The TPS55288 buck-boost converter is widely used in the USB Type-C™ PD applications, like industry PC, car charger, and dockings. The output power range can be from around 10 W to 100 W based on the different input voltage.

A well-planned PCB layout is fundamental to careful system design of any DC/DC or AC/DC power converter. An optimized layout leads to better EMI performance, better thermal performance, and good stability performance within a relatively smaller solution size. So an optimized layout means higher reliability, lower cost, and faster release time to market.

This application note gives out the TPS55288 buck-boost converter layout guideline. Under the guidance of this application note, the customers can achieve the above goals easily with a 4-layer PCB. The main content includes identification of the critical switching loops, power-stage component placement, power circuit, and signal circuit routing, AGND and PGND connection, power and GND copper plane design.

Figure 2-1 shows the TPS55288 four-switch buck-boost converter with power stage components, an integrated gate drivers and a VCC bias supply. Figure 2-1 also distinguishes by color the high current traces, high dI/dt critical loops, and the high dv/dt switching nodes.

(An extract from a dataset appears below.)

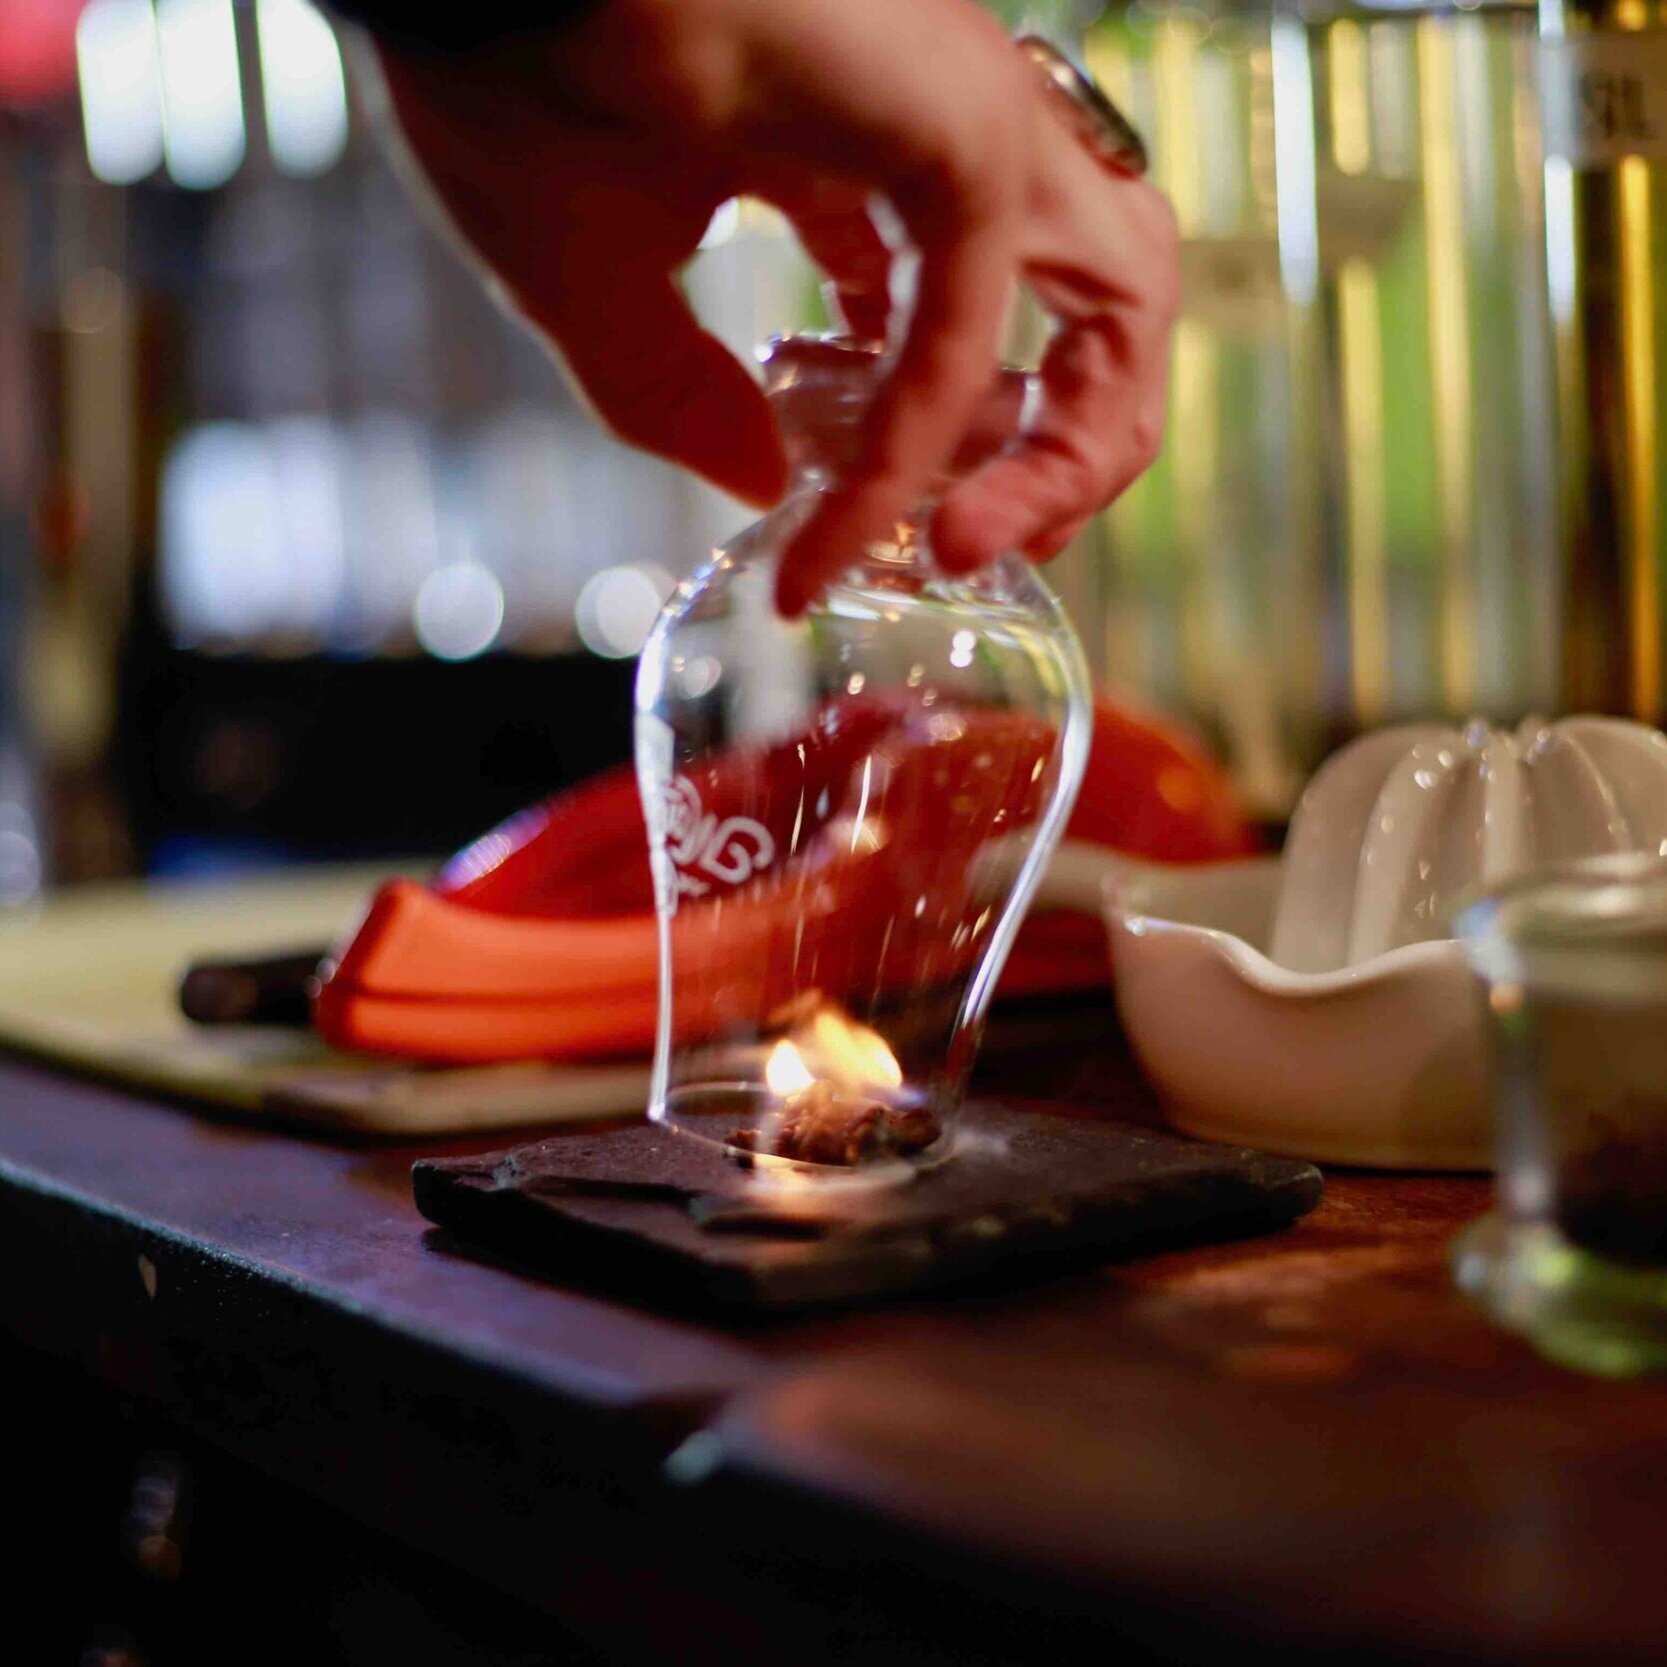 Montanya bartender places a glass over burning cloves to make the Smokeshow cocktail.
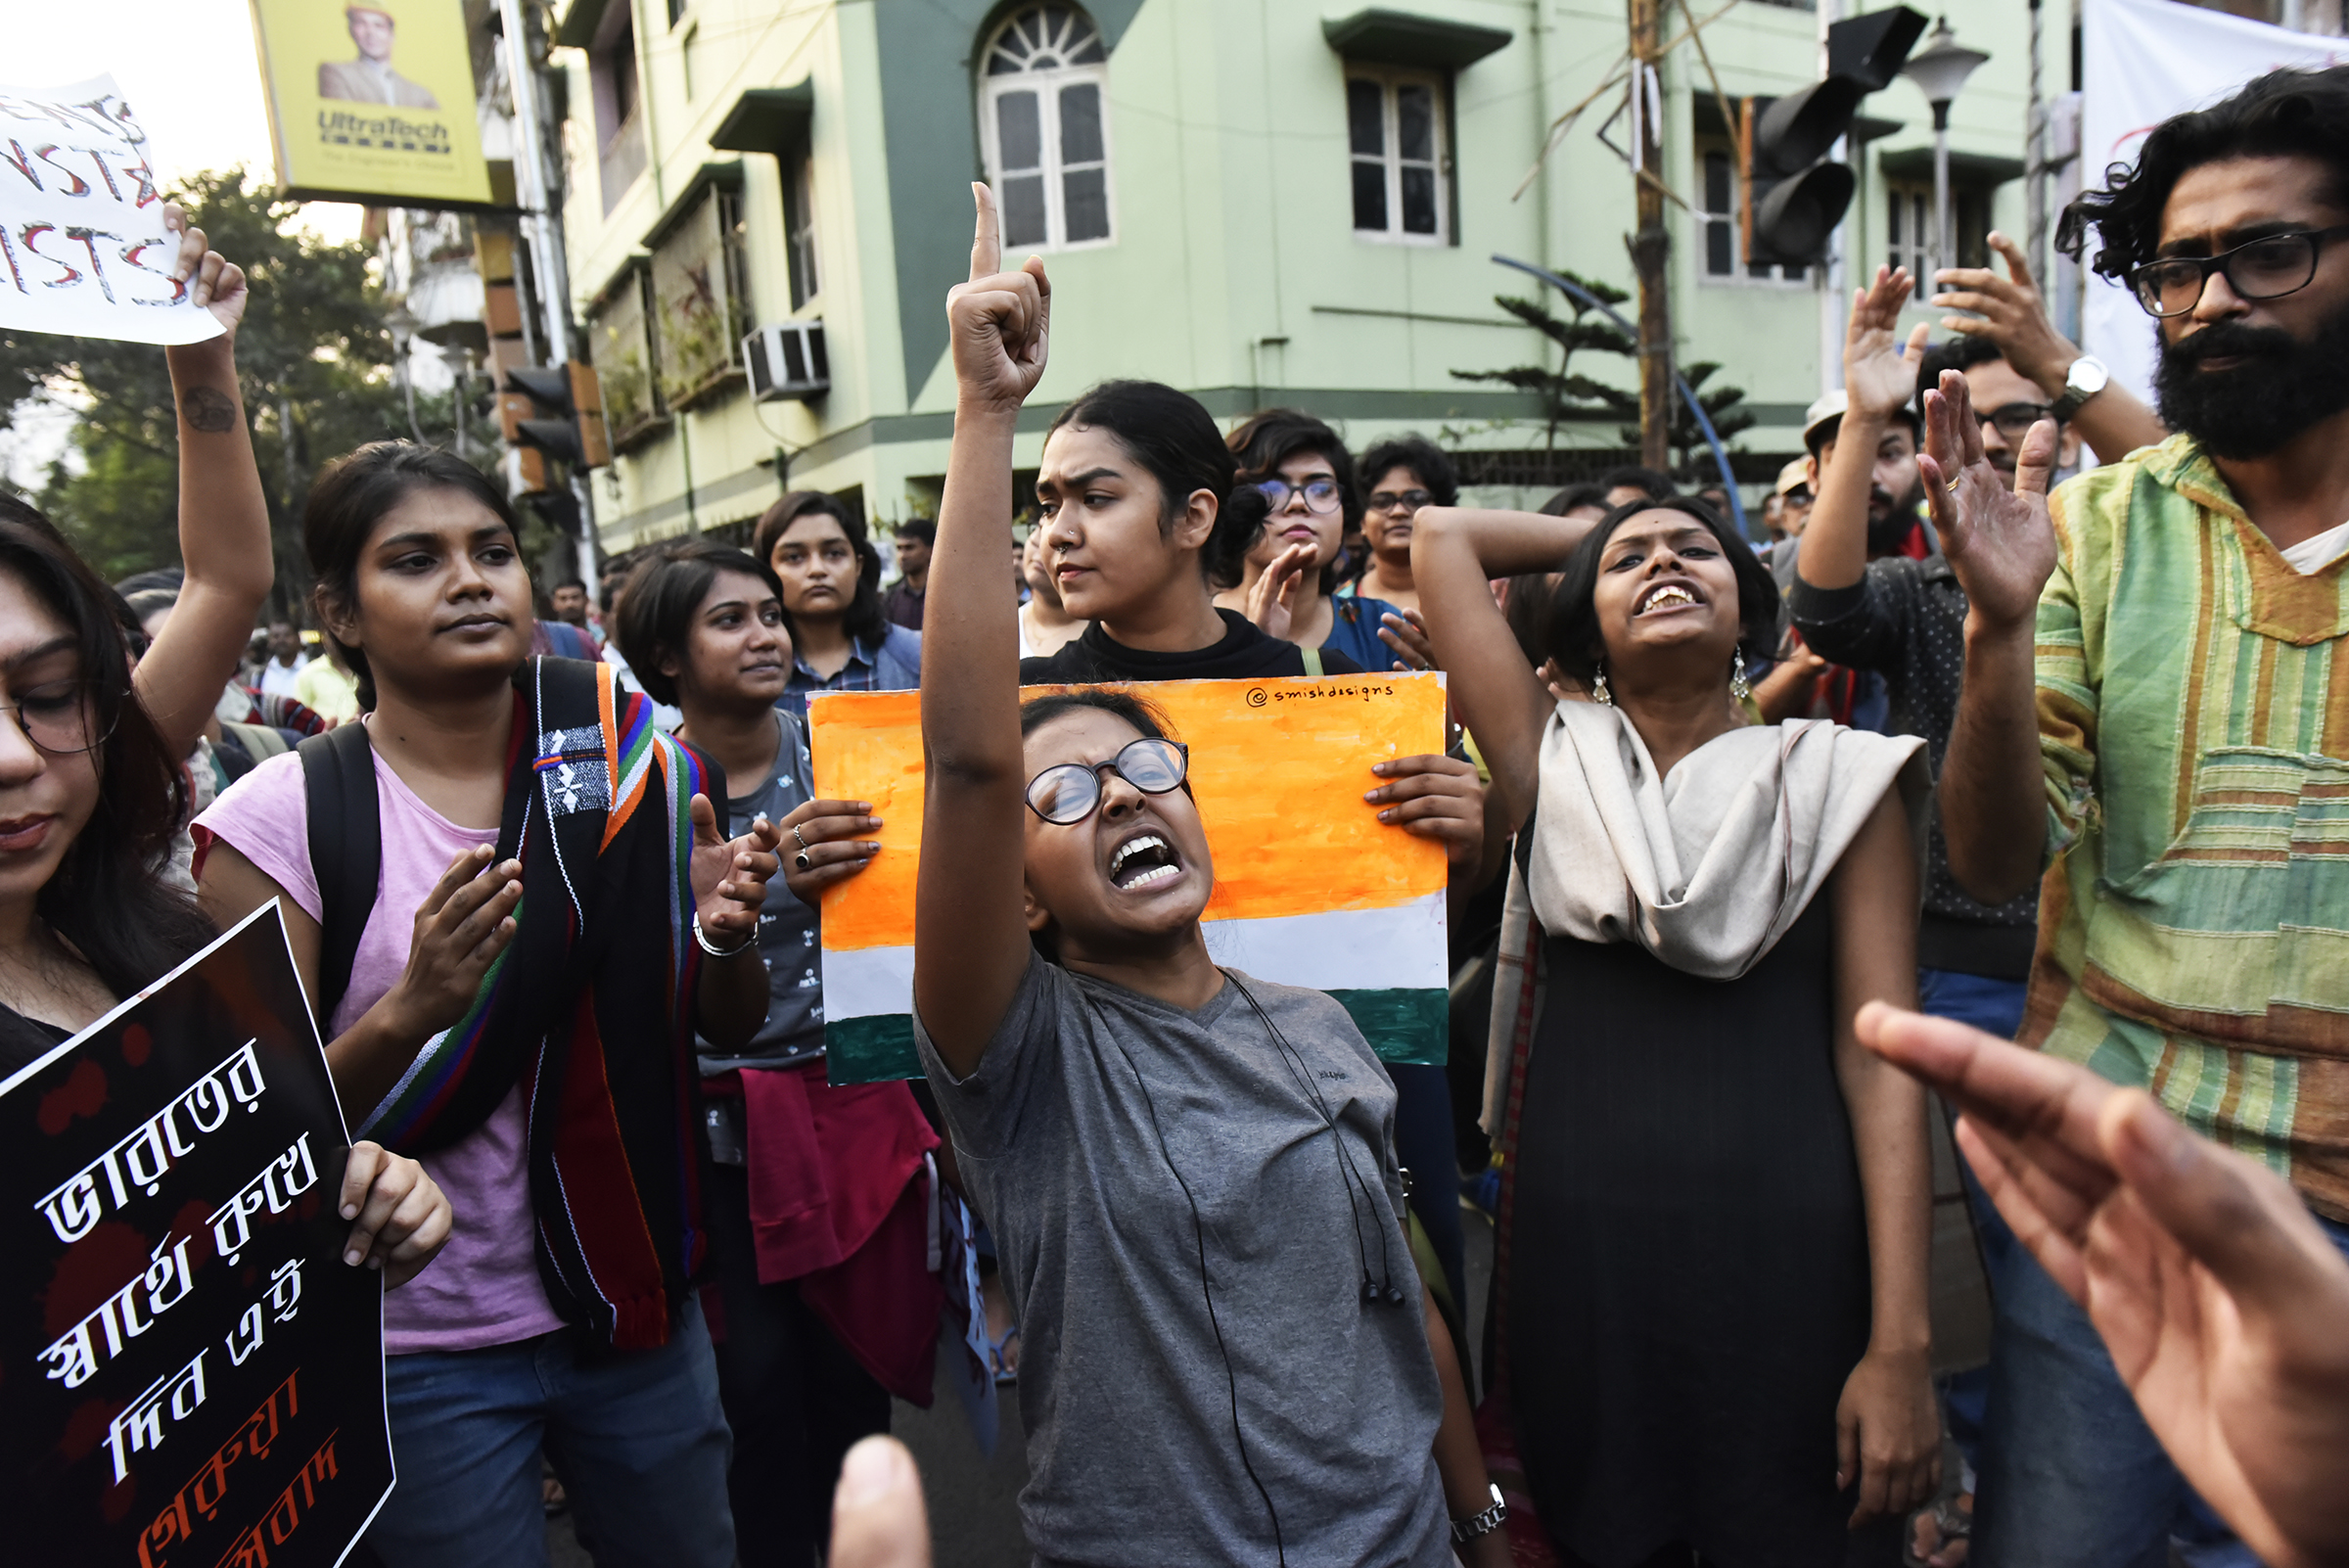 Jadavpur University students in Kolkata demonstrate against police brutality towards the students of Jamia Millia Islamia University in New Delhi, who were protesting against the approval of the Citizenship Amendment Bill (CAB) on Dec. 16, 2019. (Indranil Aditya—NurPhoto via Getty Images)

Figure 2-1 Buck-Boost Converter Schematic With Critical Loops

Loop 1 and loop 2, shaded in red, are the two critical high-frequency power loops for the buck-legs and the boost-legs. Long and thin traces in these two loops can cause excessive noise, overshoot, and ring on the switch node, and the ground bounce because of the parasitic inductance. During a MOSFET switching event, the slew rate of the commutating current can exceed 3–5 A/ns, so a 2-nH parasitic inductance can result in a voltage spike of 6 V. The pulsed rectangular current waveforms flowing in these critical loops are rich in harmonic content, so a big loop area can cause big radiated energy emanating from it, which causes an electromagnetic interference issue. So it is vital to minimize the trace length and the enclosed area of loop 1 and loop 2.

The current flowing in the main inductor is largely DC, with a superimposed triangular current ripple. The inductance inherently limits the current change rate. The parasitic inductance in series with the main inductor is benign. At the meanwhile, the area of the switching node SW1 and SW2 should be as small as possible. If the SW1 and SW2 are poured with big area copper planes, the high dv/dt noisy signal will couple into other traces nearby though capacitive coupling, which causes the electromagnetic interference issue.

Loop 3 and loop 4 in Figure 2-1 are gate loops for the buck-leg MOSFET. Loop 3 represents the high-side gate driver circuits of the MOSFET supplied by the bootstrap capacitor. Loop 4 represents the low side gate driver circuits of the MOSFET supplied by the VCC capacitor. The turn-on path and the turn- off path are denoted by the solid and the dashed lines, respectively. To charge and discharge the gate capacitance of the MOSFET during turn-on and turn-off transitions, an instantaneous current up to around 1-A peak flows briefly in the gate loop.

Placing the VCC decoupling capacitor very close to the VCC and PGND pins, placing the bootstrap capacitor very close to the SW and the boot pins can reduce the gate loop enclosed areas. Route the gate drive traces from the silicon to the MOSFET as short as possible, routing the gate drive and the return traces side by side can minimize the gate-loop inductance and the gate-loop area.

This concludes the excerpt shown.